» **SOURCE DATA**:
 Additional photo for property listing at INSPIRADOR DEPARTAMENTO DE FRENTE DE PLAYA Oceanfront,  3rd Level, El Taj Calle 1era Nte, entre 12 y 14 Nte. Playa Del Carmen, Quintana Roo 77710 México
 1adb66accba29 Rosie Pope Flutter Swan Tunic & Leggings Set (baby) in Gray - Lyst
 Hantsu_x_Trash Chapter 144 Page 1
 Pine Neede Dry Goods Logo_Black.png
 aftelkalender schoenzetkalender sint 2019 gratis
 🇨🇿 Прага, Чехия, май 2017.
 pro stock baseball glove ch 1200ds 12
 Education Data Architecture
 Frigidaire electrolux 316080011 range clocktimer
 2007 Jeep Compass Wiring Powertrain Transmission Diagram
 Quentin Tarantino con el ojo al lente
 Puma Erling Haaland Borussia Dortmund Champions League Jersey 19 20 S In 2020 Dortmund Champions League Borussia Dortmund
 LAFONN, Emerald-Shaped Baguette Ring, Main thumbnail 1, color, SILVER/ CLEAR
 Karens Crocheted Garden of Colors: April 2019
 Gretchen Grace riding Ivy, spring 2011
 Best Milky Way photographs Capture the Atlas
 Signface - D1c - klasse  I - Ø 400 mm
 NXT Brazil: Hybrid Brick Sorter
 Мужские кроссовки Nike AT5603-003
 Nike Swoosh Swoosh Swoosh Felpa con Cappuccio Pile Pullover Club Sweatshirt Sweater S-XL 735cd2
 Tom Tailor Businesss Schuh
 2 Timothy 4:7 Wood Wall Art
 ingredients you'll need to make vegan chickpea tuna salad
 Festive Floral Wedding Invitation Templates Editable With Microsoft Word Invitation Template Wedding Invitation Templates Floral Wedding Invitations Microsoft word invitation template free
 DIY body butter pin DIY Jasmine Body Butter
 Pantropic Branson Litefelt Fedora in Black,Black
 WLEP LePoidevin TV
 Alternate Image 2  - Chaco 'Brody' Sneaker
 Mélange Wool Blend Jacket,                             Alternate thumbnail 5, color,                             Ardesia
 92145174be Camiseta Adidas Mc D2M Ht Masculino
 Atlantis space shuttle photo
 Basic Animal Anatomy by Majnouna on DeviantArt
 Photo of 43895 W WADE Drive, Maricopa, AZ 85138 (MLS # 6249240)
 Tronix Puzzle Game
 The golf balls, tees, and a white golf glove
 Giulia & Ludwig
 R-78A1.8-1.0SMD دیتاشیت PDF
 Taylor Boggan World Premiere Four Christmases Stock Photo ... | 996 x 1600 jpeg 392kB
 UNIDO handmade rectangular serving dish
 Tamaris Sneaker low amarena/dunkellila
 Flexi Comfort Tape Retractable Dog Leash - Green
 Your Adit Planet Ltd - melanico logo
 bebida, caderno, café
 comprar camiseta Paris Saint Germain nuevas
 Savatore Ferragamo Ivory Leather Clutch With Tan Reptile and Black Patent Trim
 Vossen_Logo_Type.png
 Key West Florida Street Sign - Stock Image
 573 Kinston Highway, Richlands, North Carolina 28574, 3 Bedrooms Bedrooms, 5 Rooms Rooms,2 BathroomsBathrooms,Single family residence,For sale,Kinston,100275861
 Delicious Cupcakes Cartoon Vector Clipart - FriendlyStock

» **WHAT THE TASK REQUIRES**:
Reply with nothing but the count of lines in the entries above that contain "Nike".

» **TASK SOLUTION**:
2